MS Access uses the Jet database engine, which utilizes a specific SQL language dialect (sometimes referred to as Jet SQL).

MS Access comes with the professional edition of MS Office package. MS Access has easyto-use intuitive graphical interface.

  • 1992 - Access version 1.0 was released.
  • 1993 - Access 1.1 released to improve compatibility with inclusion the Access Basic programming language.
  • The most significant transition was from Access 97 to Access 2000.

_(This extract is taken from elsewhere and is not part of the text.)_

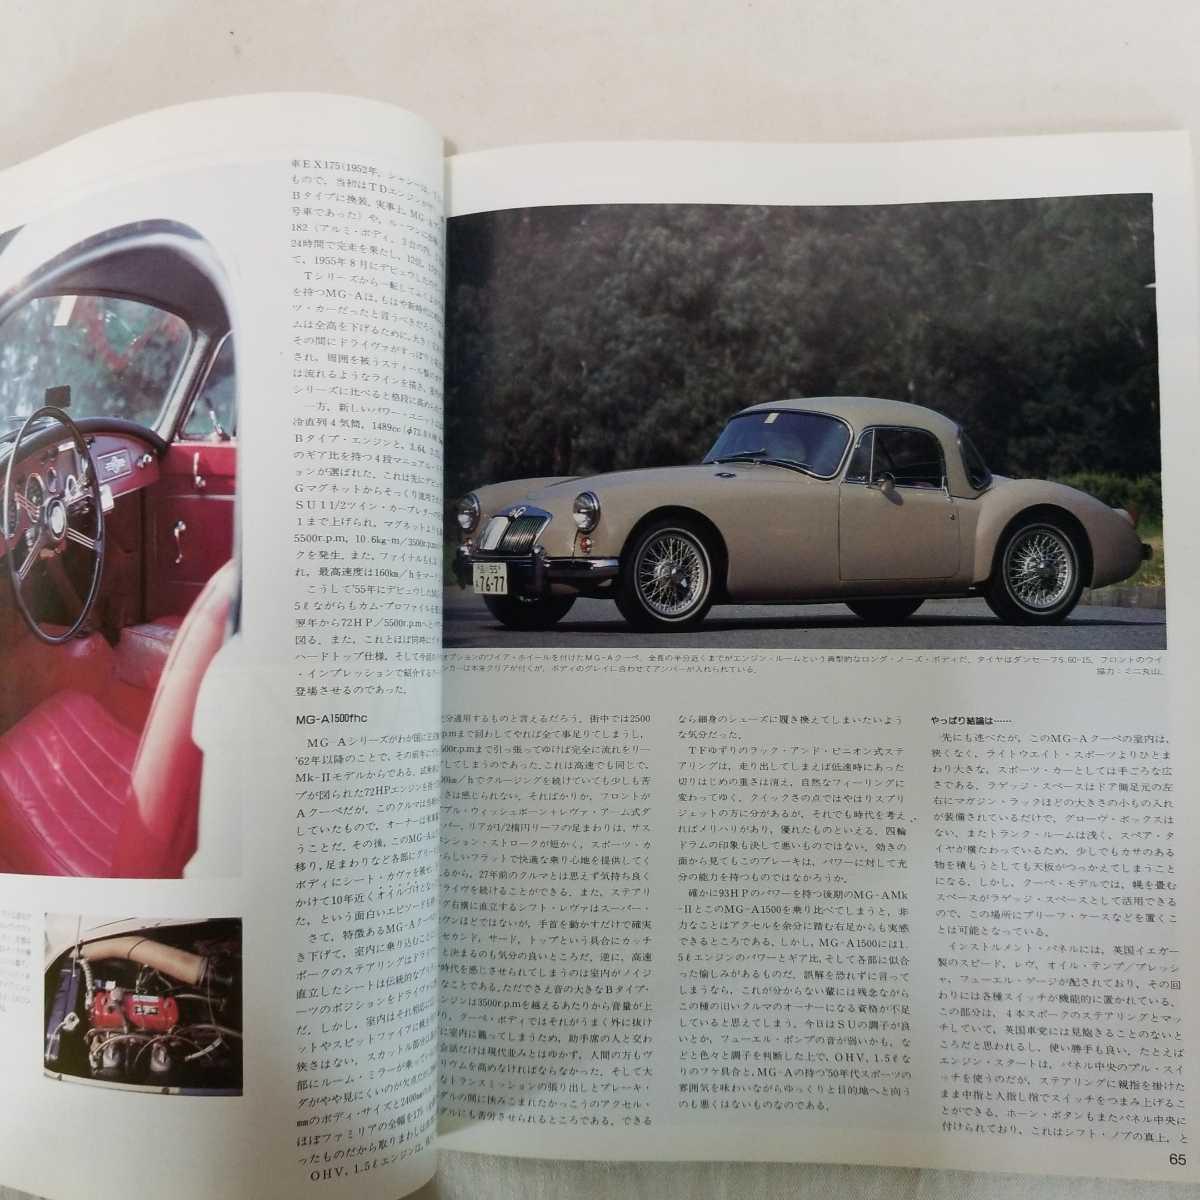 スクランブル・カー・マガジン SCRAMBLE CAR MAGAZINE 71 1986年1月号 ポルシェ ジャガー ヴィンテージ フェラーリ ベンツ_画像7

2007 - Access 2007, a new database format was introduced ACCDB which supports complex data types such as multi valued and attachment fields.

Features

  • Users can create tables, queries, forms and reports and connect them together with macros.
  • Option of importing and exporting the data to many formats including Excel, Outlook, ASCII, dBase, Paradox, FoxPro, SQL Server, Oracle, ODBC, etc.
  • There is also the Jet Database format (MDB or ACCDB in Access 2007), which can contain the application and data in one file. This makes it very convenient to distribute the entire application to another user, who can run it in disconnected environments.
  • Microsoft Access offers parameterized queries. These queries and Access tables can be referenced from other programs like VB6 and .NET through DAO or ADO.
  • The desktop editions of Microsoft SQL Server can be used with Access as an alternative to the Jet Database Engine.

Microsoft Access is a file server-based database. Unlike the client-server relational database management systems (RDBMS), Microsoft Access does not implement database triggers, stored procedures or transaction logging.